Yes, the first time the user opens the camera, one or more permissions are needed from the user in order to work.
- Camera - Required
- Microphone - Optional
- Location - Required by default, but can be made optional. You can adjust the location requirements using a function available in the SDK.
Can an app request microphone and camera access again if the user denies the permissions?
No, on both Android and iOS, if a user denies microphone and camera access permissions to an app, the app cannot directly request those permissions again. Once denied, the user must manually grant the permissions through the system settings. However, you can prompt users to grant permissions again by providing clear explanations on why the permissions are necessary and guiding them on how to enable the permissions through the system settings (Android) or the iOS Settings app (iOS).
Are other cameras supported?
Our mobile SDKs are designed for smartphones, but we have other tools in the C2PA Signing Toolkit that are suitable for digital cameras. Contact us to learn more.
Do the SDKs collect or use biometric data?
No, it does not.
Is internet connectivity required?
The mobile SDKs do not require internet connectivity to capture media, but users must have opened your app once with connectivity in order to capture offline.
Offline Capture
Lens native mobile SDKs offer out-of-the-box support for capturing and signing photos and videos without device connectivity. We call this process offline capture, for short. Here we'll uncover the differences between being online and offline, and implementation guidelines to take into consideration.
Lens maintains two types of certificates on board each device.
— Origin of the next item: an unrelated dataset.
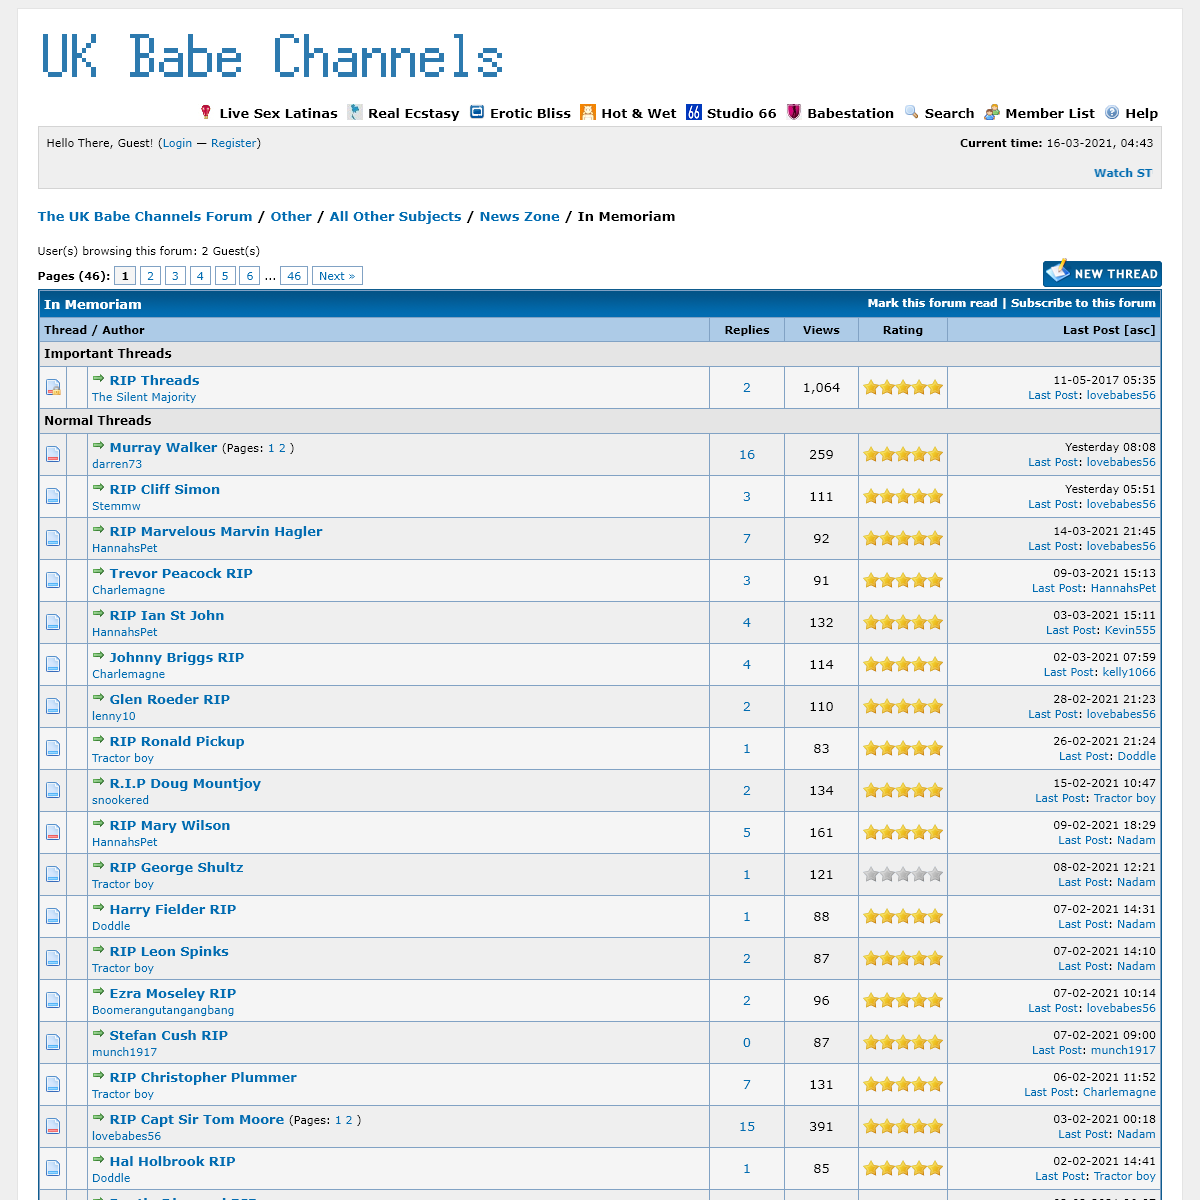 The UK Babe Channels Forum - In Memoriam

| Certificate Type | Validity | Connectivity | Timestamp |
|---|---|---|---|
| Short-validity certificates | 24 hours | Online: used for signing with connectivity | Images signed while online always contain a trusted timestamp. |
| Long-validity certificates | 6 months | Offline: used for signing without connectivity | Images signed while offline never contain a trusted timestamp, this field will be intentionally null. |
SDK Launch Activities
On Launch, Lens checks if it has online connectivity, and checks the validity times of the certificates. If the validity is about to end for any certificate, the SDK attempts to refresh the certificate. This is done without blocking the user interface.
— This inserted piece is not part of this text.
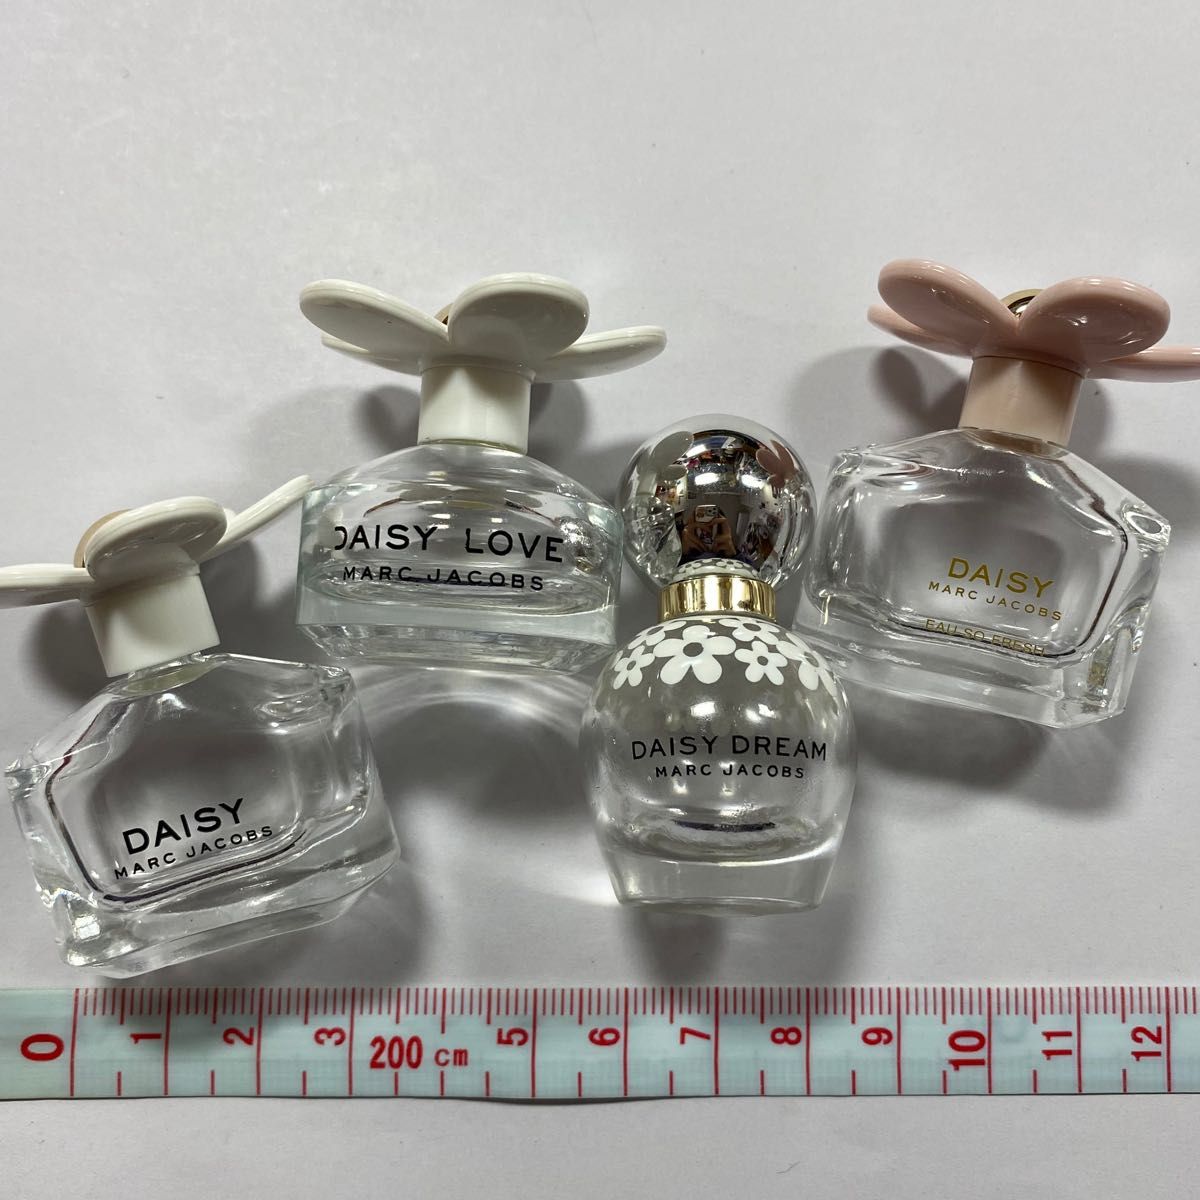 marcjacobs マークジェイコブス 空瓶 4ml｜PayPayフリマ

Certificates can only be obtained while online. This means that for your users to successfully capture media offline, they must first launch your app at least once while connected to the internet, and your app must launch the Lens SDK (the camera does not need to be visible for this to happen) during that visit for a long validity certificate to be obtained.
If a long-validity certificate expires while a device is offline, Lens will be unable to sign images until the device recconnects and obtains a new certificate. We hope this will be a rare occurrence, since the certificate is valid for 6 months.
Workflow Comparison
Below are the basic steps of capturing and signing a Truepic, with differences noted for when the device is online or offline in steps 1, 5, and 6.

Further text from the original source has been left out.